Words of wisdom being sought here as I'm now a tired emotional wreck and fearing all sorts of complications 

I have a Mare who was unknowingly purchased in foal, unable to find any history about her, who the sire was or when she is "due".

I had her scanned in Feb as my suspicions grew about her unusual weight gain and vet was able to confirm pregnancy but unable to offer any idea of how far along she was as the foal was too far down in the uterus to get a picture.

She became fully bagged up just over 3 weeks ago and everything looked ready back end muscles relaxed, no clamp reflex in tail, the "v" shaped belly, elongated and puffy vulva etc.

She started dripping the clear fluid from her teats a day or two later and then waxed up ... here we go  ...... No !!

Her wax fell off and she started dripping milk again, cloudy at first turning increasingly towards the normal white colour, the dripping often turns to running and has now been doing this for the past 13 days.

I have a camera in her stable so have got very used to her "normal" behaviour overnight which over the past few weeks includes her looking like she is starting labour, lying down frequently, panting, restlessness, kicking her belly, stretching, pawing, stamping, rolling, scratching her rear end, looking/biting at her belly, urinating frequently etc.
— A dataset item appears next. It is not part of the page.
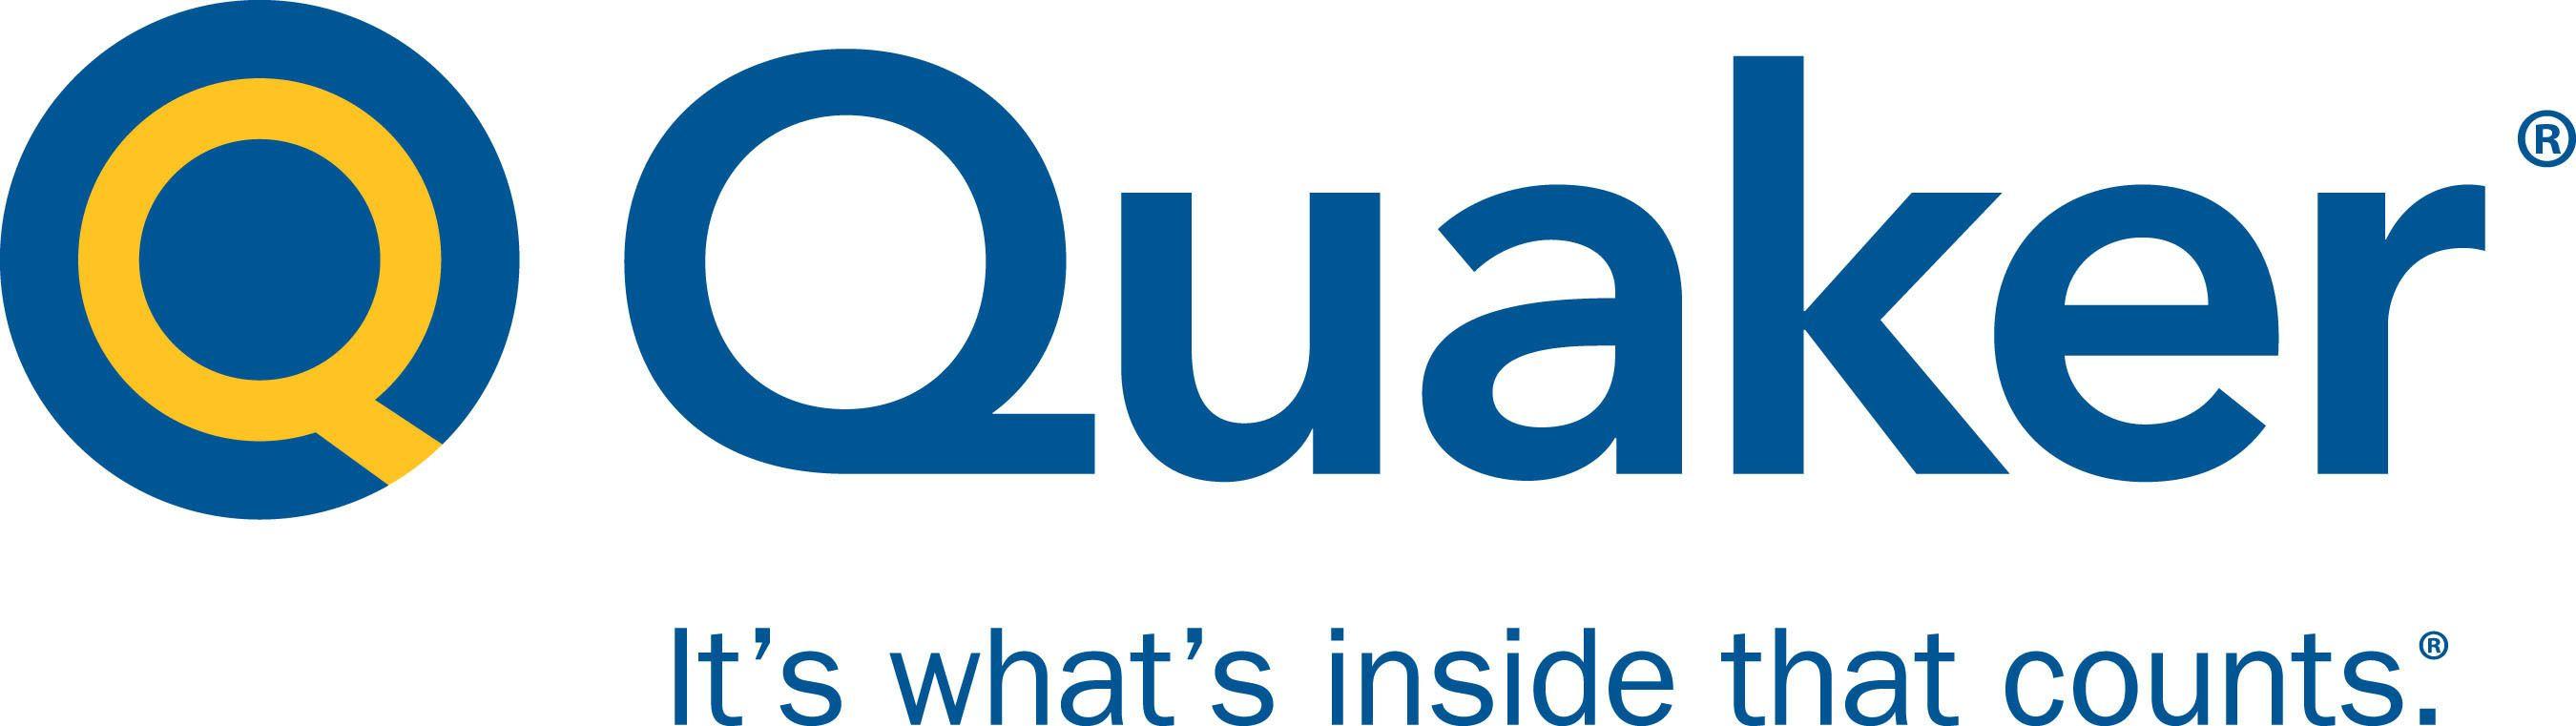 Quaker Logo - Quaker Acquires Lubricor Inc. Canadian Metalworking Fluids Business

A couple of weeks ago I would have happily bet that the foal was going to arrive but over the last few days she is simply not progressing and in some areas I swear she is going backwards ... her belly seems to have lost the obvious v shape and is looking more "side to side" again but its hard to tell because she is simply huge everywhere !! her vulva no longer seems "ready" she has an increased clamp reflex in her tail and I'm pretty sure her udders are getting smaller (possibly just because she is leaking?) 
There also does not seem to be as much movement going on from the foal

Worries not limited to but include ...
Loss of colostrum
foal not turning (risk of malpresentation)
foal in trouble
twins 

She is struggling now with the weight (she is huge even for a pregnant mare) she has gained a lovely big splint on her foreleg, her hocks are swollen, her joints are clicking and her stifles seem to struggle to hold her weight occasionally but other than obviously being uncomfortable she seems fine in herself, bright, alert, eating well etc, she is still turned out all day everyday

Words of wisdom anyone ?? am I right to be worried or am I just being over dramatic, if there is a problem what signs should I be looking out for, would you be getting the vet out now or waiting for mother nature?

Dydie xx


----------



## oldywoldy (21 June 2013)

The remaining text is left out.